For Performances or Exhibits

Provide a brief description of the work to be performed or exhibited in the form of a program note. Please make sure that your faculty mentor looks over your description before it is submitted.

Program Note Example:

Title: Variations and Transformations

Summary:
Variations have frequently been written by instrumentalists as vehicles for their own virtuosity. The works featured on this program however were all written by important composers who were not themselves cellists, but each with a particular performer in mind. The results are works of substance, yet rich with cellistic personality. These composers also reveal some affinity or homage in their choice of theme or model, yet they develop and transform the borrowed material in their own special language. I find this interplay of "old" and "new" especially fascinating in our age of "historical awareness".

(by Brent Wissick; used with permission)

 

For Posters and Platform Talks

For research-based presentations you should prepare an abstract. Abstracts are brief, but comprehensive summaries of work presented as a talk or poster and should contain the following elements:

  1. purpose of the study
  2. hypothesis
  3. experimental approach
  4. summary of the results
  5. conclusion and implications

Talk it out first:

Before writing your abstract you may find it helpful to describe your work to a friend who is unfamiliar with what you’ve done. Listen to yourself as you speak and write down what you say. This may help you determine which details are essential to include in your abstract.

Tips for writing a good abstract:

  • Use an outline of your presentation as the framework of your abstract.
  • Don’t include information that will not appear your presentation.
  • Define all abbreviations, acronyms, and unique terms.
  • Be brief.

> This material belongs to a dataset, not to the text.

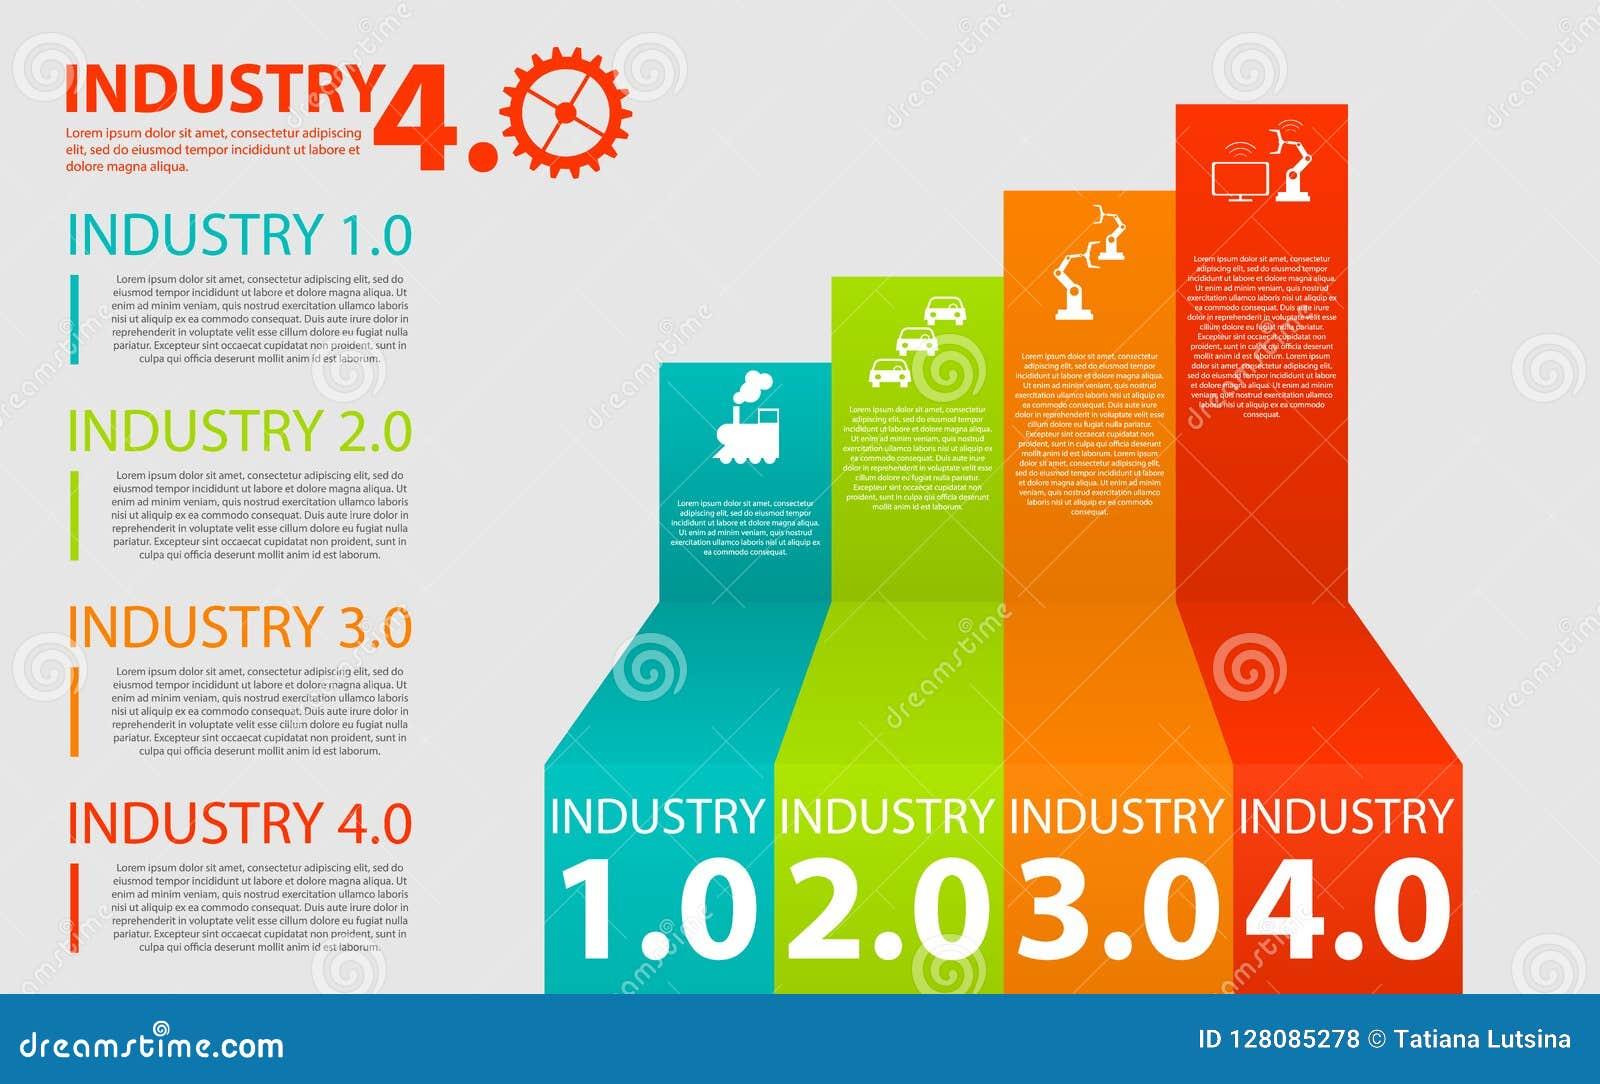 Φυσικά συστήματα, σύννεφο που υπολογίζουν, γνωστική υπολογίζοντας βιομηχανία 4 0 infographic Βιομηχανική Διαδίκτυο ή βιομηχανία 4

Remember, you’re limited to 300 words.
  • Use past tense to describe methods performed and present tense to describe purpose of the study, the results and the conclusion.
  • Please make sure that your faculty mentor looks over your abstract before it is submitted.
  • Be sure that your abstract can be understood by a non-specialist! See the examples provided by Prof. Garon Smith, U. Montana below.

Example of an abstract that is too technical:

Title: Utilizing Three-Dimensional Fluorescence's Red-Shift Cascade Effect to Monitor Mycobacterium PRY-1 Degradation of Aged Petroleum

Abstract:
Samples of Mycobacterium PRY-1 inoculated motor oil are subjected to three-dimensional fluorescence spectroscopy to document the shifting of excitation/ emission maxima as the solutions undergo serial dilutions. Effects such as self-quenching of individual polycyclic aromatic hydrocarbons (PAHs) and energy transfer between PAHs combine to produce large red-shifts in the resulting fluorescence emission spectra. This process is repeated over a series of weeks and is compared to preceding spectra to gauge the microbial degradation of the petroleum. Results show a two-fold, or 75%, PAH contaminant degradation by Mycobacterium PRY-1 over a 140-day growth period.

The abstract above that was revised so that non-specialists can understand it:

Title: Cleaning Up Oil Spills with the Right Microbe – Mycobacterium PRY-1

Abstract:
An undesirable by-product of fossil fuel use is the release of toxic substances when environmental spills occur. Luckily, some soil organisms can digest these compounds and render them harmless. This study demonstrates how a specific microbe, Mycobacterium PRY-1, can rid the soil of toxic components in oil spills. Petroleum contains many harmful fused-ring molecules (polycyclic aromatic hydro-carbons or PAHs) that give off a characteristic fluorescent glow when illuminated with ultraviolet light. The nature of the fluorescence changes as oil ages or is diluted. It creates a 4-dimensional fingerprint and allows a sample’s toxicity to be evaluated. Our results show that the microbe removed 75% of the toxic compounds in 140 days.